Drosophilidae is one of the most diverse and widely distributed dipteran families, encompassing more than 4300 species (Bächli, 2016), encountered throughout different environments above sea level, with the exception of Polar Regions (Throckmorton, 1975). Almost all species in this family present terrestrial life cycles, without any aquatic or semi-aquatic stage across development (Tsacas and Legrand, 1979). Nevertheless, different species present different ecological requirements, and some Drosophilidae species are specially adapted to wet conditions, as observed by Robe et al. (2014) and Freitas (2017) with correlational niche inference methods or by Kellermann et al. (2012a,b) with experimental assessments of physiological resistance. Moreover, according to Oldroyd (1964), even so-called terrestrial species require “damp” micro-habitats.

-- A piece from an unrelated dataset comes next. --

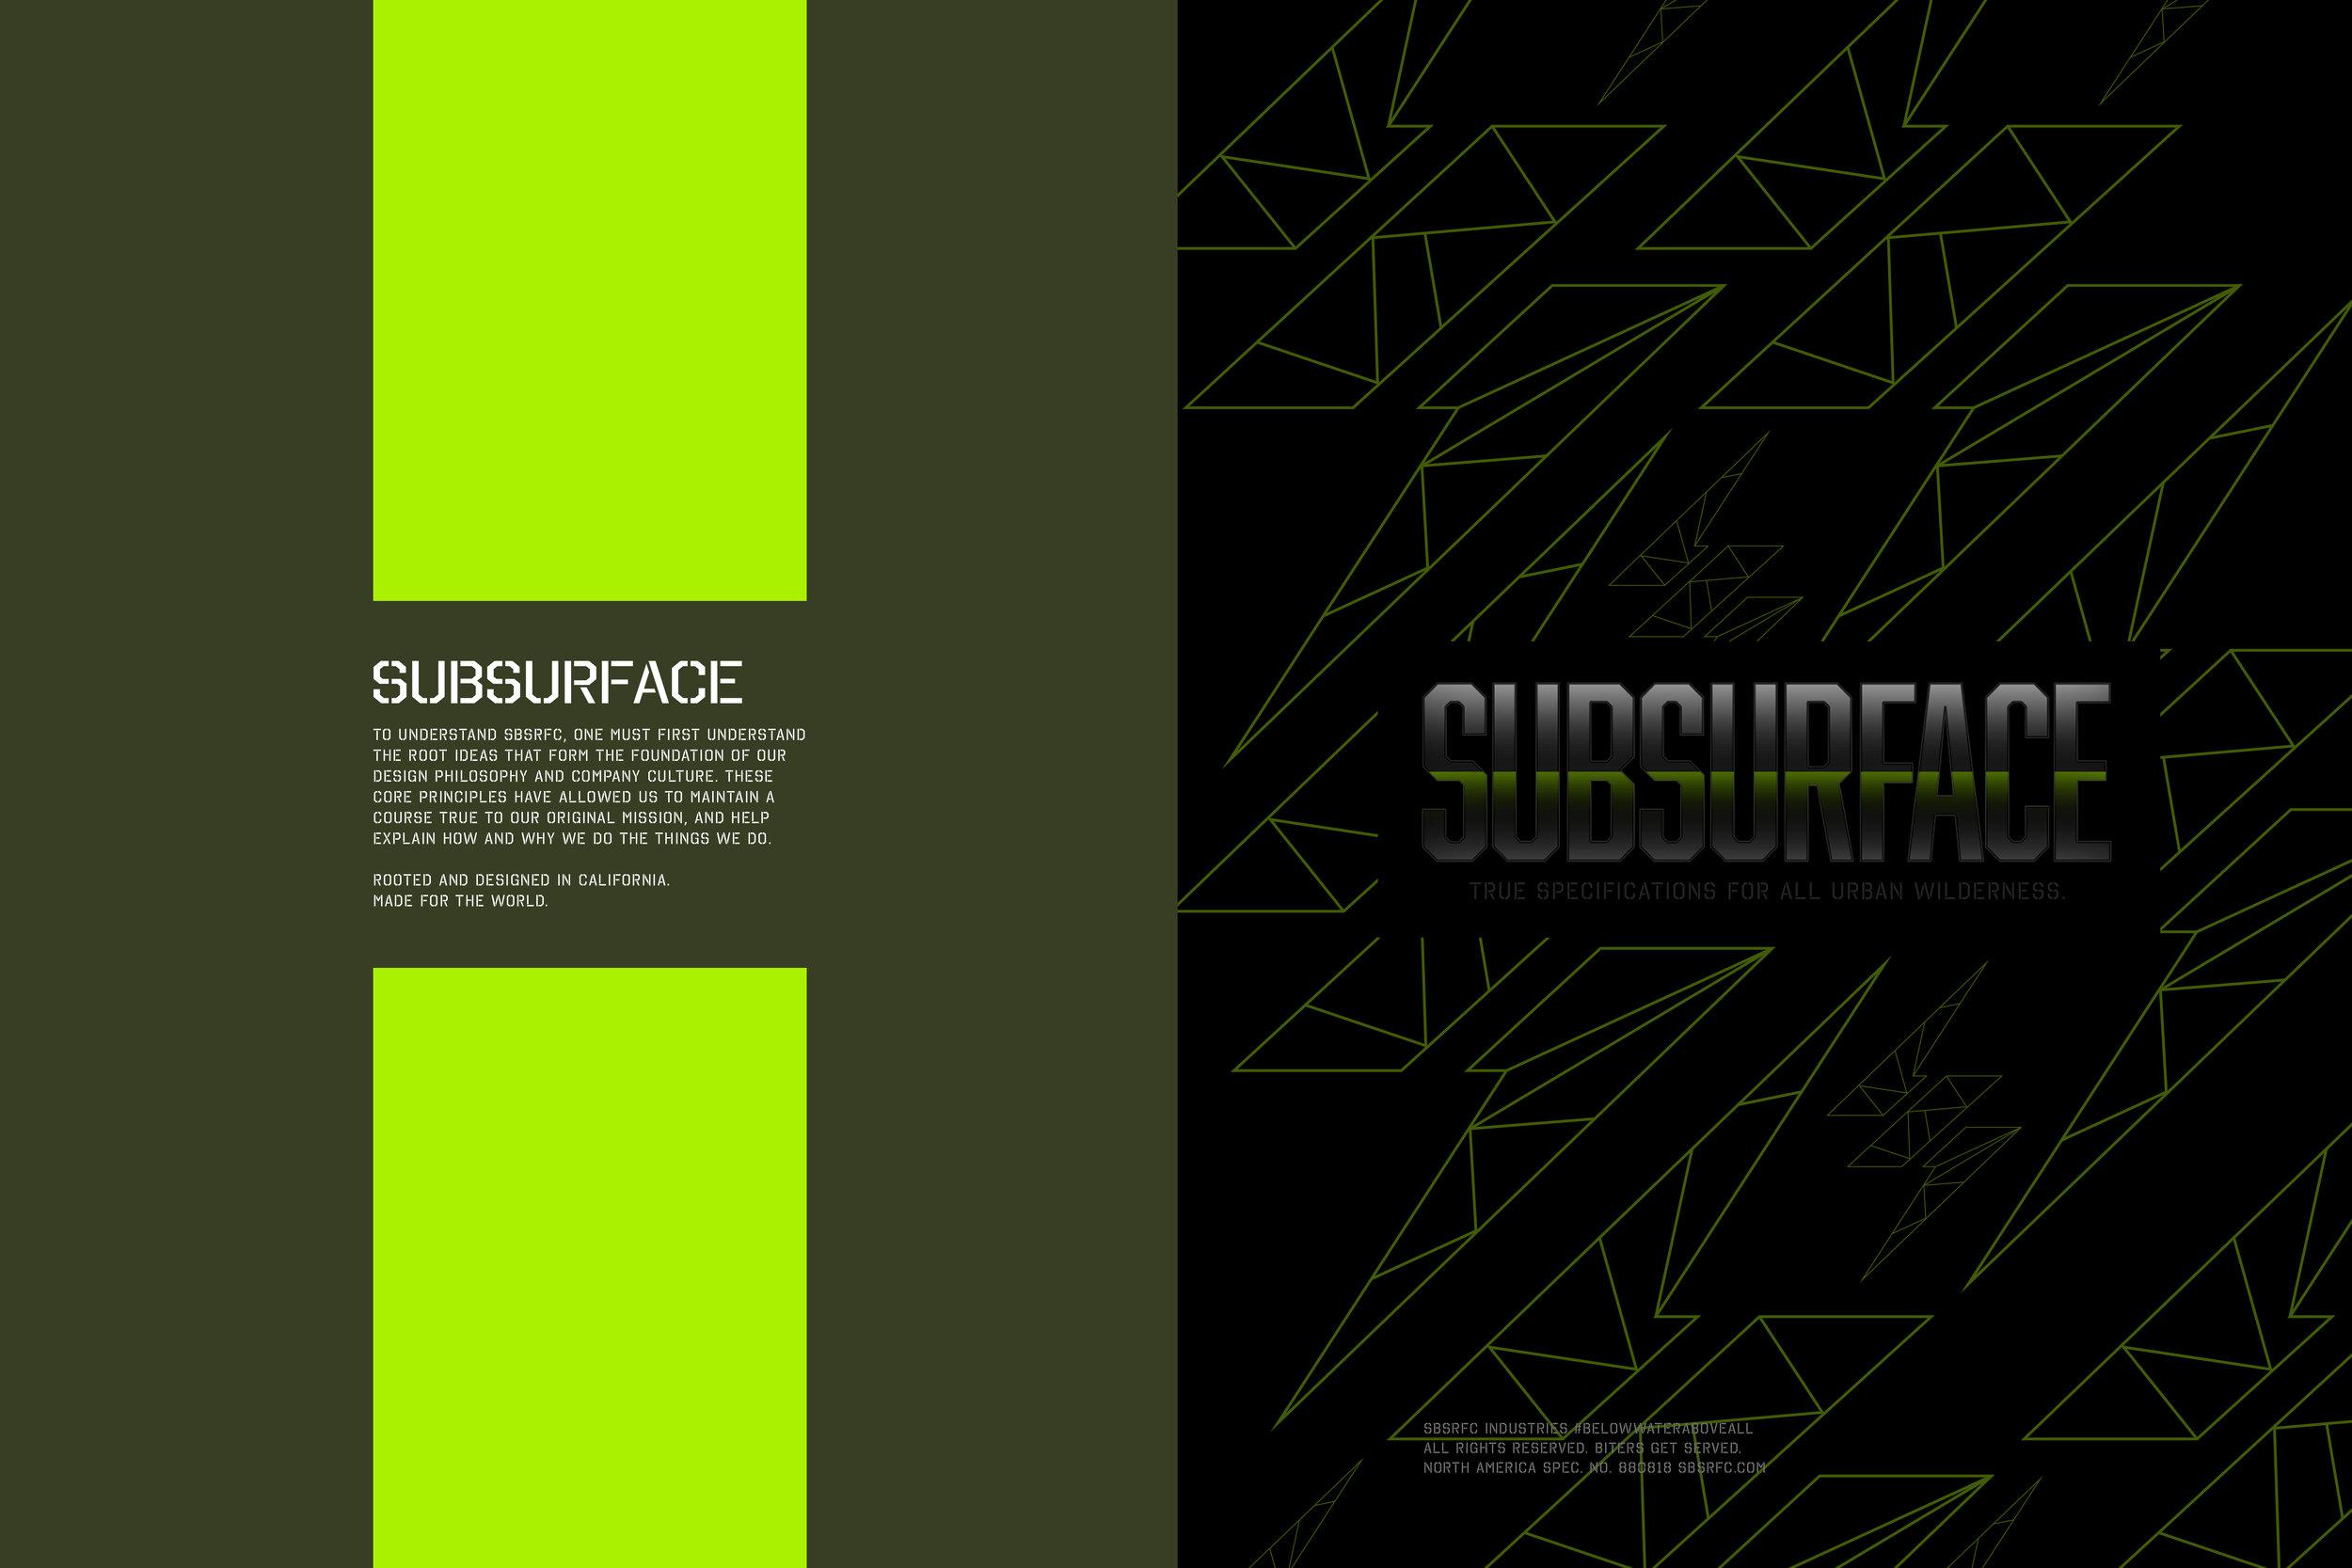 SBSRFC_Creative_Capabilities_Group_5.jpg

Although the occurrence of Drosophilidae has already been recorded in freshwater wetlands (Keiper et al., 2002), the composition of their assemblages in these habitats is still poorly understood. Until now, few species were registered in these environments, among which we may highlight: Drosophila quinaria Loew (1866) and D. tripunctata Loew (1862), which emerged from larvae eating Symplocarpus foetidus (L.) Salisb. ex W.P.C. Barton (1817) in decomposition (Grimaldi and Jaenike, 1983); D. deflecta Malloch (1924) in Nuphar lutea (L.) Sm. (1809); and D. palustris Spencer (1942) and D. subpalustris Spencer (1942), which feed on decaying leaves and twigs (Keiper et al., 2002). Another species discovered in wetlands is D. aguapeVal and Marques (1996), collected from Eichhornia azurea (Sw.) Kunth (1843) flowers collected along the Paraguay River, in the Brazilian Pantanal Biome, state of Mato Grosso (Val and Marques, 1996). This apparent low diversity in limnic wetlands contrasts with that found in mangroves (Schmitz et al., 2010), where at least 69 species have been recorded with the use of banana baited traps. However, most species observed by Schmitz et al. (2010) are probably transient in mangroves, since the authors did not find rearing sites in this environment. So, it is possible that this wide disagreement in putative richness patterns is an outcome of the use of different sampling strategies.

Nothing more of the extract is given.